The memory may include forms of volatile memory in a computer readable medium, RAM and/or non-volatile memory, such as ROM or Flash RAM. The memory is an example of a computer-readable medium.
Computer-readable media, including both non-transitory and non-transitory, removable and non-removable media, may implement information storage by any method or technology. The information may be computer readable instructions, data structures, modules of a program, or other data. The computer readable storage medium may be ROM, Programmable Read-Only Memory (PROM), Erasable Programmable Read-Only Memory (EPROM), Electrically Erasable Programmable Read-Only Memory (Electrically Erasable Programmable Read-Only Memory,
EEPROM), magnetic Random Access Memory (FRAM), Flash Memory (Flash Memory), magnetic surface Memory, optical disk, or Compact Disc Read-only Memory (CD-ROM); or flash memory or other memory technology, CD-ROM, Digital Versatile Disks (DVD) or other optical storage, magnetic cassettes, magnetic tape, magnetic disk storage or other magnetic storage devices, or any other non-transmission medium which can be used to store information and which can be accessed by a computing device; but may also be various electronic devices such as mobile phones, computers, tablet devices, personal digital assistants, etc., that include one or any combination of the above-mentioned memories.
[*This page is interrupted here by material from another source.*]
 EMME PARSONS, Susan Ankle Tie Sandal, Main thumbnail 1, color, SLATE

As defined herein, a computer readable medium does not include a transitory computer readable medium such as a modulated data signal and a carrier wave.
It should also be noted that the terms "comprises," "comprising," or any other variation thereof, are intended to cover a non-exclusive inclusion, such that a process, method, article, or apparatus that comprises a list of elements does not include only those elements but may include other elements not expressly listed or inherent to such process, method, article, or apparatus. Without further limitation, an element defined by the phrase "comprising an … …" does not exclude the presence of other identical elements in the process, method, article, or apparatus that comprises the element.
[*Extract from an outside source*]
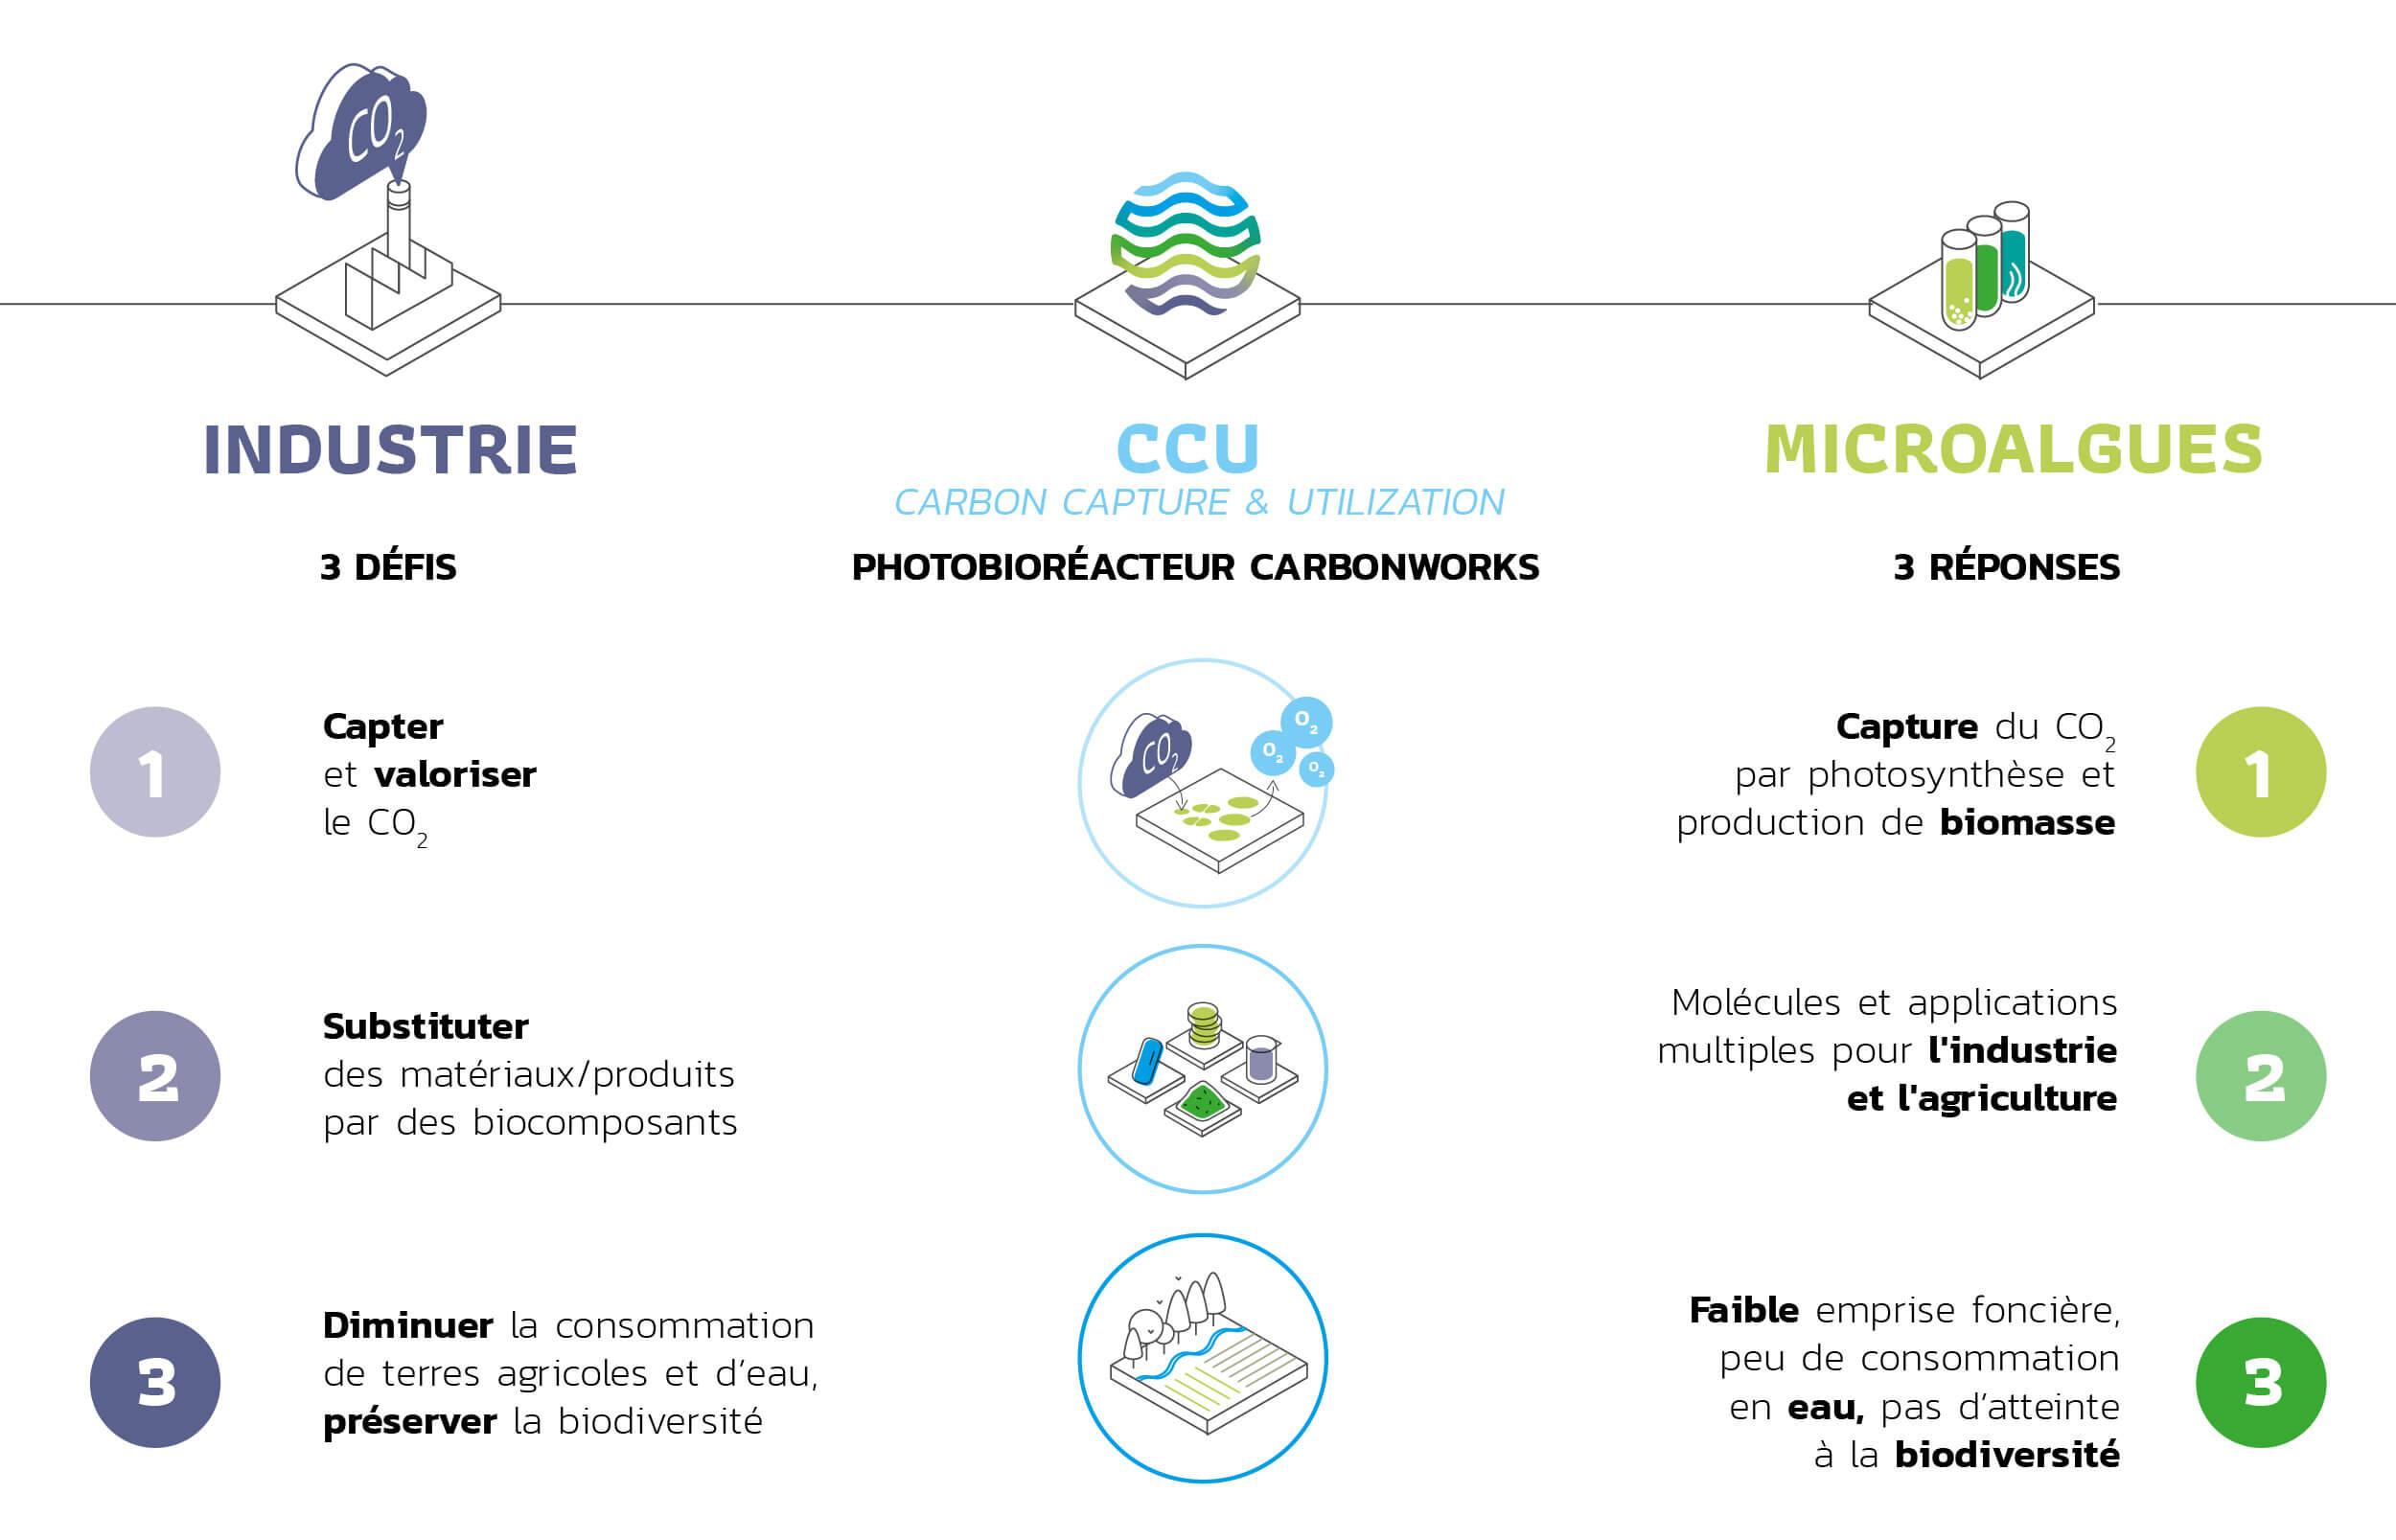 Pourquoi les microalgues

As will be appreciated by one skilled in the art, embodiments of the present invention may be provided as a method, system, or computer program product. Accordingly, the present invention may take the form of an entirely hardware embodiment, an entirely software embodiment or an embodiment combining software and hardware aspects. Furthermore, the present invention may take the form of a computer program product embodied on one or more computer-usable storage media (including, but not limited to, disk storage, CD-ROM, optical storage, and the like) having computer-usable program code embodied therein.
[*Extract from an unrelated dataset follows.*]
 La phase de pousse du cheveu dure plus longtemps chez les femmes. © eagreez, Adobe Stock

The above are merely examples of the present invention, and are not intended to limit the present invention. Various modifications and alterations to this invention will become apparent to those skilled in the art. Any modification, equivalent replacement, improvement, etc. made within the spirit and principle of the present invention should be included in the scope of the claims of the present invention.

Claims (8)

1. A method of fixed beamforming based filtering, the method comprising:
obtaining a multi-channel voice signal to be processed, wherein the multi-channel voice signal at least comprises a voice signal from a target sound source and an interference signal from an interference sound source;
based on at least two preset fixed beam forming coefficients pointing to different directions, performing fixed beam forming on the multi-channel voice signal to obtain a voice estimation signal and an interference estimation signal; the fixed beamforming coefficients are fixed beams with a certain pointing direction;
calculating post-filtering parameters based on the speech estimation signal and the interference estimation signal;
based on the post-filtering parameter, filtering the voice estimation signal to obtain a processed voice signal;
wherein, the performing fixed beamforming on the multi-channel voice signal based on at least two preset fixed beamforming coefficients pointing to different directions to obtain a voice estimation signal and an interference estimation signal includes:
based on at least two preset fixed beam forming coefficients pointing to different directions, performing fixed beam forming on the multi-channel voice signal to obtain at least two beam signals; the preset fixed beam forming coefficients pointing to different directions can enhance the voice signal pointed by the target sound source and carry out fixed beam forming in a mode of inhibiting other interference signals except the voice signal pointed by the target sound source;
determining a beam of the at least two beam signals as a beam signal of the target sound source;
determining other beam signals except the voice estimation signal in the at least two beam signals as the interference estimation signal;
wherein, the filtering the speech estimation signal based on the post-filtering parameter to obtain a processed speech signal includes:
and calculating the product of the frame level post gain, the time-frequency level post gain and the voice estimation signal to obtain the processed voice signal.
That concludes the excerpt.